我们之前监控主机的资源用量、容器的运行状态、数据库中间件的运行数据。这些都是支持业务和服务的基础设施，通过白盒能够了解其内部的实际运行状态，通过对监控指标的观察能够预判可能出现的问题，从而对潜在的不确定因素进行优化。而从完整的监控逻辑的角度，除了大量的应用白盒监控以外，还应该添加适当的黑盒监控。
黑盒监控即以用户的身份测试服务的外部可见性，常见的黑盒监控包括HTTP探针、TCP探针等用于检测站点或者服务的可访问性，以及访问效率等。

黑盒监控相较于白盒监控最大的不同在于黑盒监控是以故障为导向当故障发生时，黑盒监控能快速发现故障，而白盒监控则侧重于主动发现或者预测潜在的问题。一个完善的监控目标是要能够从白盒的角度发现潜在问题，能够在黑盒的角度快速发现已经发生的问题.

Blackbox Exporter是Prometheus社区提供的官方黑盒监控解决方案，其允许用户通过：HTTP、HTTPS、DNS、TCP以及ICMP的方式对网络进行探测。用户可以直接使用go get命令获取Blackbox Exporter源码并生成本地可执行文件：

wget https://github.com/prometheus/blackbox_exporter/releases/download/v0.16.0/blackbox_exporter-0.16.0.linux-amd64.tar.gz
#下载安装
tar xvf blackbox_exporter-0.16.0.linux-amd64.tar.gz -C /usr/local/prometheus/
mv blackbox_exporter-0.16.0.linux-amd64/ blackbox_exporter
useradd prometheus
chown -R prometheus:prometheus /usr/local/prometheus/

vim /usr/lib/systemd/system/blackbox_exporter.service
[Unit]
Description=blackbox_exporter
After=network.target

[Service]
Type=simple
User=prometheus
ExecStart=/usr/local/prometheus/blackbox_exporter/blackbox_exporter --config.file=/usr/local/prometheus/blackbox_exporter/blackbox.yml
Restart=on-failure

[Install]
WantedBy=multi-user.target

systemctl enable blackbox_exporter.service
systemctl start blackbox_exporter.service

运行Blackbox Exporter时，需要用户提供探针的配置信息，这些配置信息可能是一些自定义的HTTP头信息，也可能是探测时需要的一些TSL配置，也可能是探针本身的验证行为。在Blackbox Exporter每一个探针配置称为一个module，并且以YAML配置文件的形式提供给Blackbox Exporter。每一个module主要包含以下配置内容，包括探针类型（prober）、验证访问超时时间（timeout）、以及当前探针的具体配置项:

# 探针类型：http、 tcp、 dns、 icmp.
prober: <prober_string>
# 超时时间
[ timeout: <duration> ]
# 探针的详细配置，最多只能配置其中的一个
[ http: <http_probe> ]
[ tcp: <tcp_probe> ]
[ dns: <dns_probe> ]
[ icmp: <icmp_probe> ]

下面是一个简化的探针配置文件blockbox.yml，包含两个HTTP探针配置项

modules:
  http_2xx:
    prober: http
    http:
      method: GET
  http_post_2xx:
    prober: http
    http:
      method: POST

通过运行一下命令，并指定使用的探针设置文件启动Blockbox Exporter实例:

blackbox_exporter --config.file=/etc/prometheus/blackbox.yml
or
systemctl restart blackbox_exporter.service

启动成功后，就可以通过访问http://172.19.0.27:9115/probe?module=http_2xx&target=baidu.com对baidu.com进行探测。
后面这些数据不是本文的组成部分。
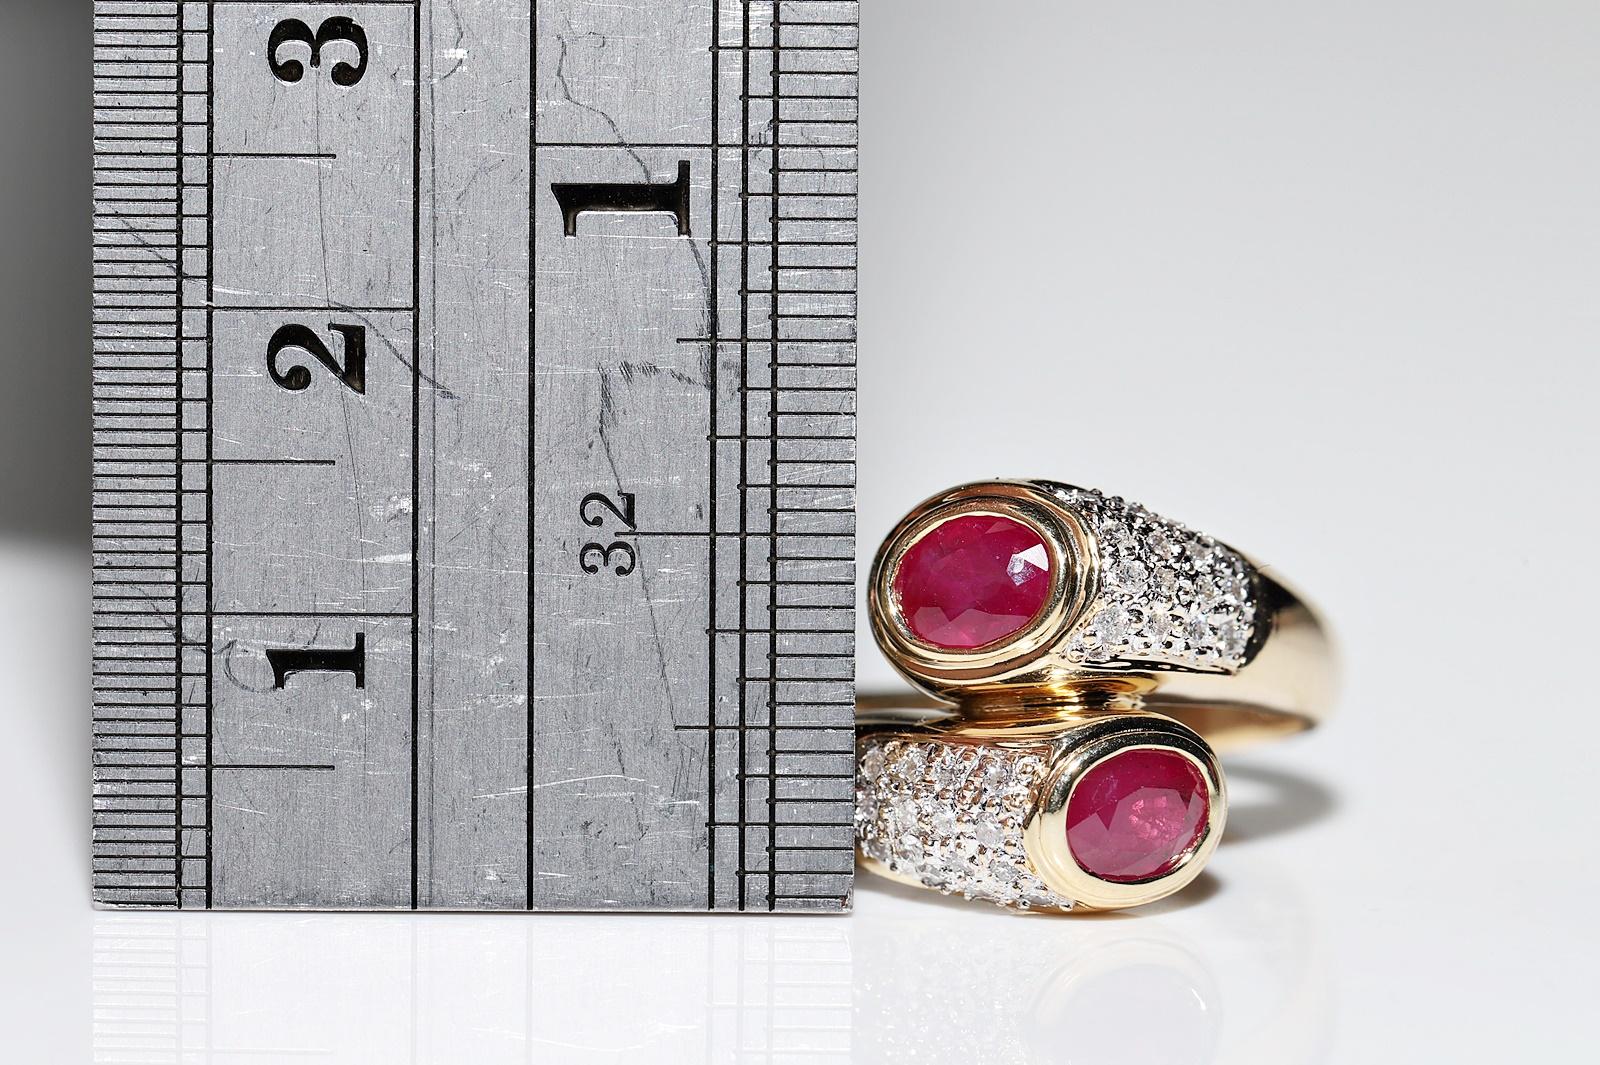 Vintage Circa 1980s 18k Gold Natural Diamond And Ruby Decorated Ring In Good Condition For Sale In Fatih/İstanbul, 34

这里通过在URL中提供module参数指定了当前使用的探针，target参数指定探测目标，探针的探测结果通过Metrics的形式返回：

# HELP probe_dns_lookup_time_seconds Returns the time taken for probe dns lookup in seconds
# TYPE probe_dns_lookup_time_seconds gauge
probe_dns_lookup_time_seconds 0.004359875
# HELP probe_duration_seconds Returns how long the probe took to complete in seconds
# TYPE probe_duration_seconds gauge
probe_duration_seconds 0.046153996
# HELP probe_failed_due_to_regex Indicates if probe failed due to regex
# TYPE probe_failed_due_to_regex gauge
probe_failed_due_to_regex 0
# HELP probe_http_content_length Length of http content response
# TYPE probe_http_content_length gauge
probe_http_content_length 81
# HELP probe_http_duration_seconds Duration of http request by phase, summed over all redirects
# TYPE probe_http_duration_seconds gauge
probe_http_duration_seconds{phase="connect"} 0.00105657
probe_http_duration_seconds{phase="processing"} 0.039457402
probe_http_duration_seconds{phase="resolve"} 0.004359875
probe_http_duration_seconds{phase="tls"} 0
probe_http_duration_seconds{phase="transfer"} 0.000337184
# HELP probe_http_last_modified_timestamp_seconds Returns the Last-Modified HTTP \
response header in unixtime
# TYPE probe_http_last_modified_timestamp_seconds gauge
probe_http_last_modified_timestamp_seconds 1.26330408e+09
# HELP probe_http_redirects The number of redirects
# TYPE probe_http_redirects gauge
probe_http_redirects 0
# HELP probe_http_ssl Indicates if SSL was used for the final redirect
# TYPE probe_http_ssl gauge
probe_http_ssl 0
# HELP probe_http_status_code Response HTTP status code
# TYPE probe_http_status_code gauge
probe_http_status_code 200
# HELP probe_http_uncompressed_body_length Length of uncompressed response body
# TYPE probe_http_uncompressed_body_length gauge
probe_http_uncompressed_body_length 81
# HELP probe_http_version Returns the version of HTTP of the probe response
# TYPE probe_http_version gauge
probe_http_version 1.1
# HELP probe_ip_protocol Specifies whether probe ip protocol is IP4 or IP6
# TYPE probe_ip_protocol gauge
probe_ip_protocol 4
# HELP probe_success Displays whether or not the probe was a success
# TYPE probe_success gauge
probe_success 1

从返回的样本中，用户可以获取站点的DNS解析耗时，站点响应时间，HTTP响应状态码等等和站点访问质量相关的监控指标，从而帮助管理员主动的发现故障和问题.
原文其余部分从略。